Montana


Officials at Montana’s insurance department are confident that this year will be a continuation of the Treasure State’s push to solidify its position as a go-to captive domicile.

Having licensed its first captive in 2002, the state is now on course to license its 200th within the next 12 months, following a 2014 that saw it add 34 new formations to its roster.

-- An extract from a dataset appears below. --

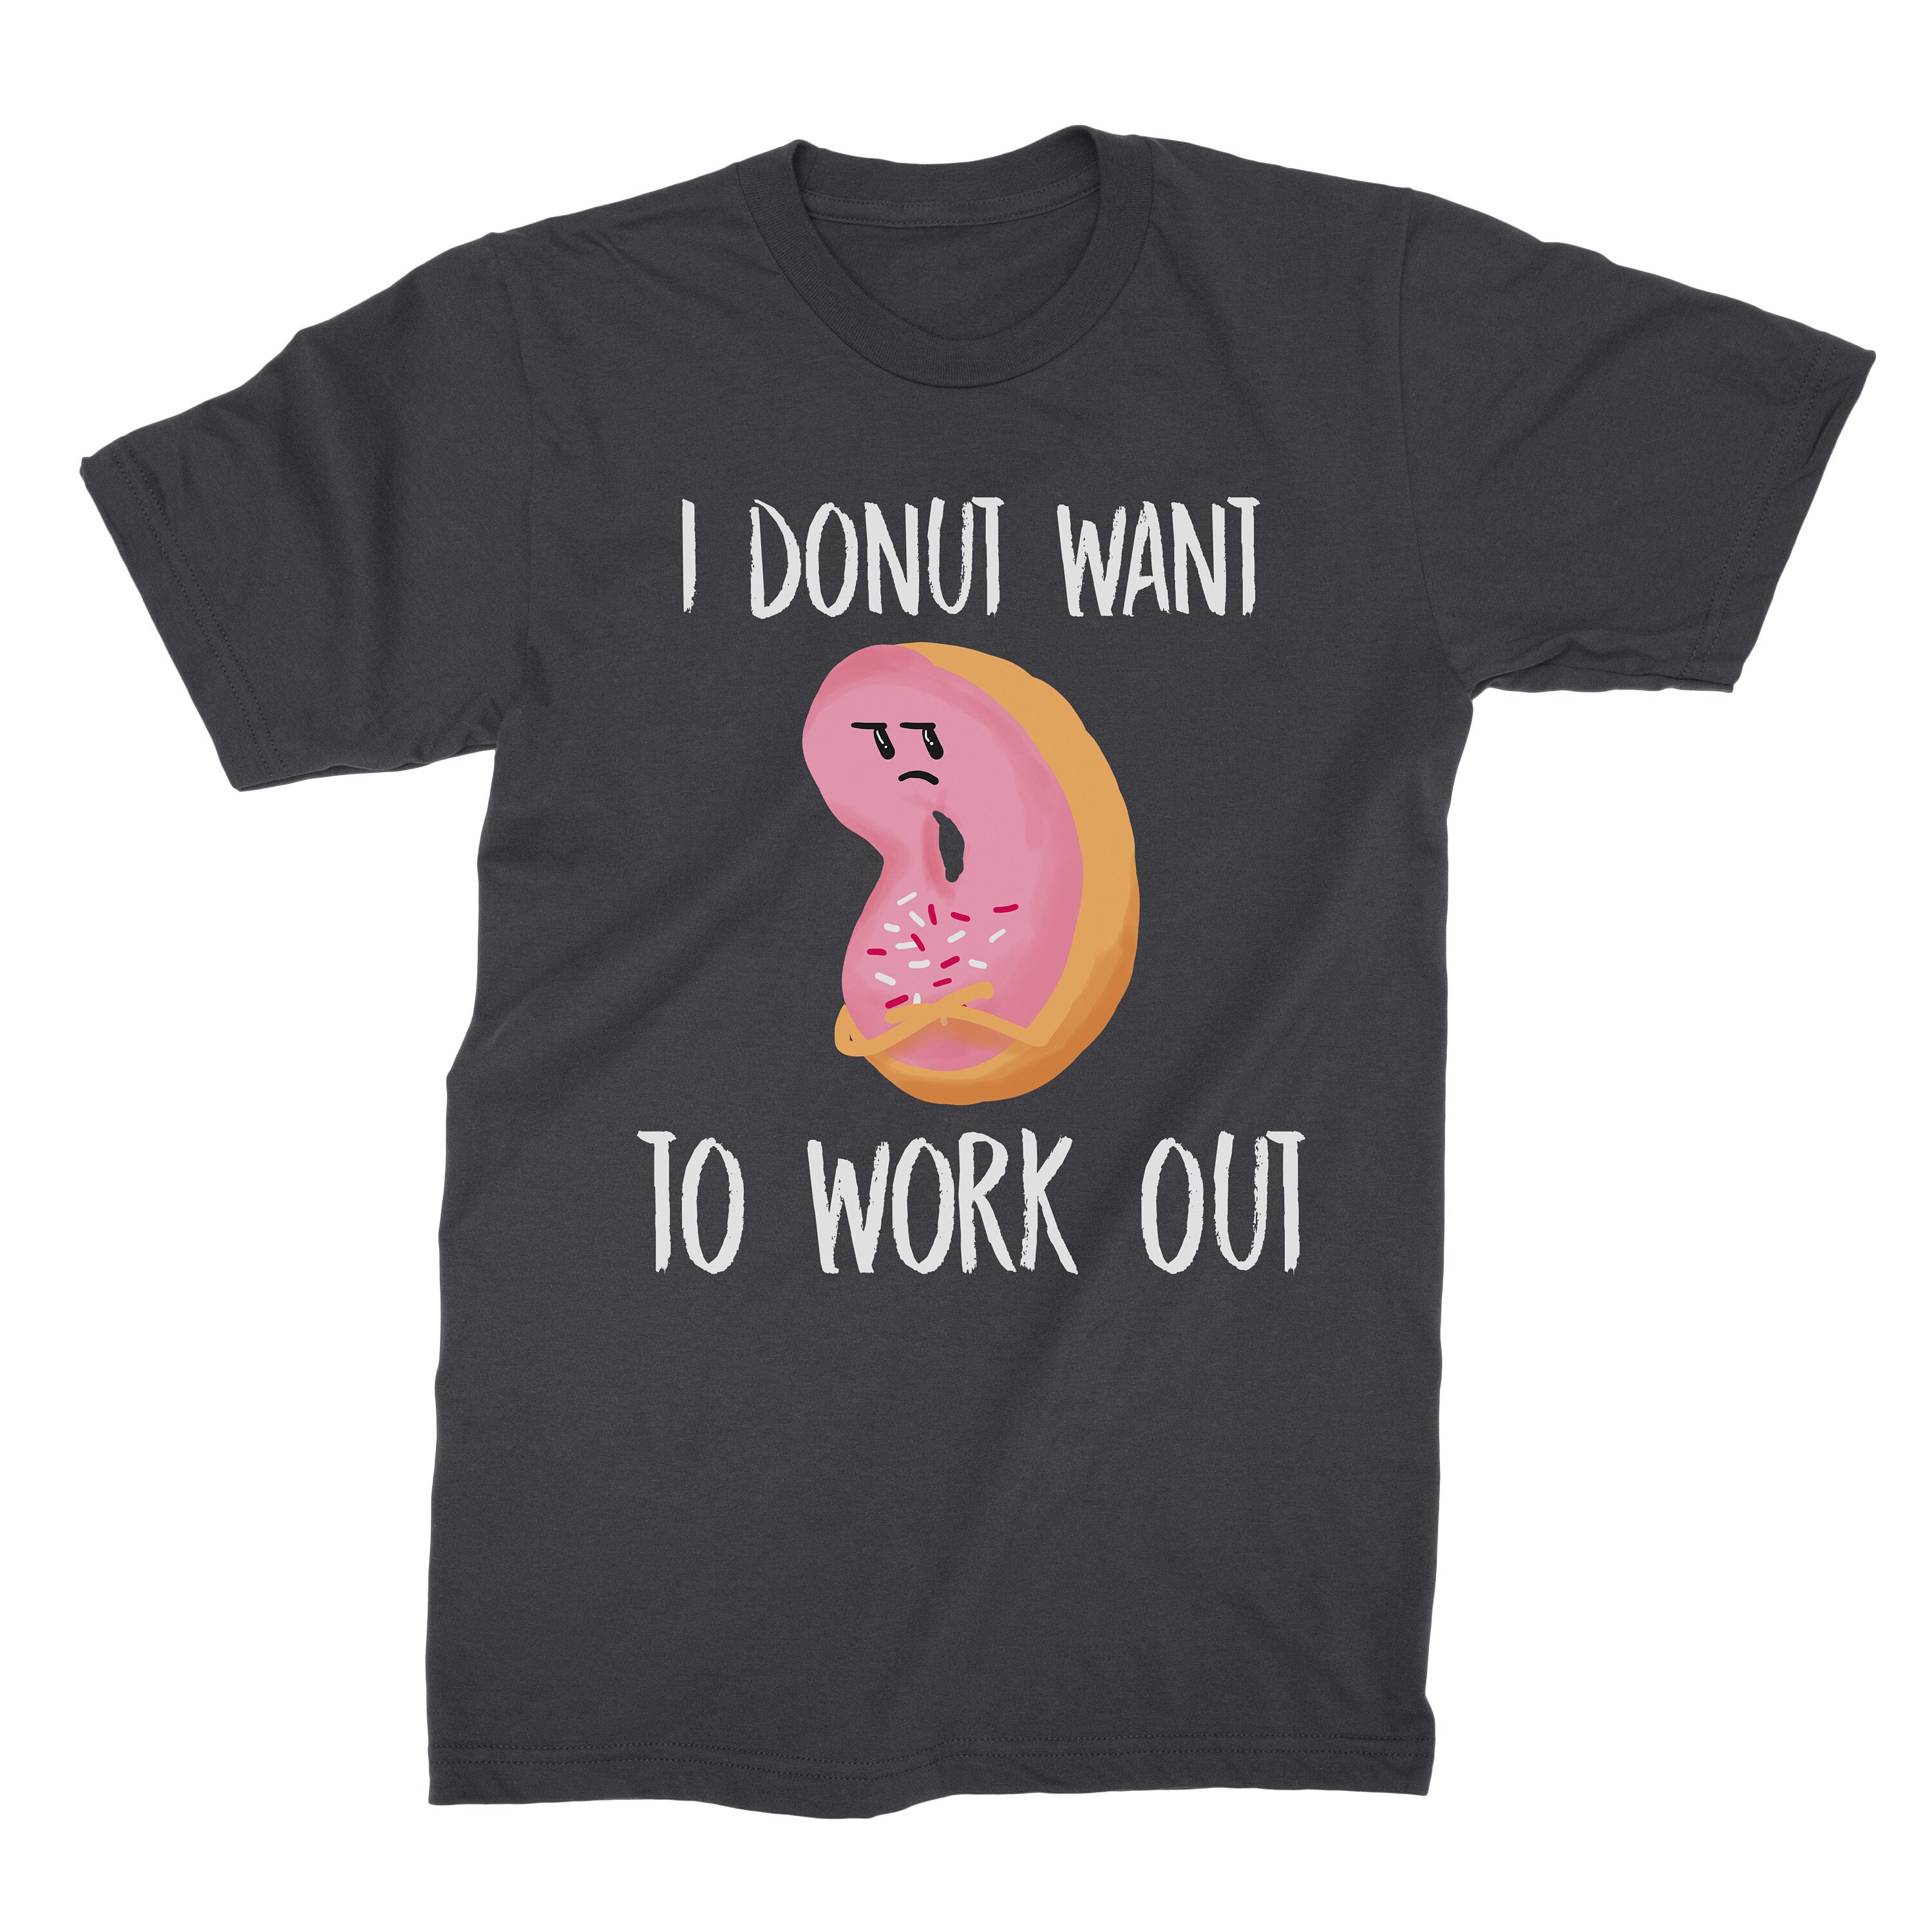 I Donut Want to Work Out Donut Donut Shirt Funny Donut | Etsy

Although Montana did lose seven captives last year, its net gain of 27 entities demonstrates that it’s undergoing a period of growth at a time when domicile competition is increasing in the US. In 2013, Montana secured 47 new captives, bringing its then total to 150. The state lost 11 entities that year, so 2014 was a little slower, admits Steve Matthews, director of captives in the Office of the Commissioner of Securities and Insurance.

“I think we are going to be the same as what happens in the rest of the country. I’m expecting us to do what we’ve done the last few years. We’ve got the expertise and the infrastructure here that make us an attractive domicile for plenty of companies out there.”

Putting forward’s Montana’s pitch for new business, Matthews explains: “We cater broadly, we’re open to any type of captive. We are looking for captives that make business sense and meet our regulatory requirements.”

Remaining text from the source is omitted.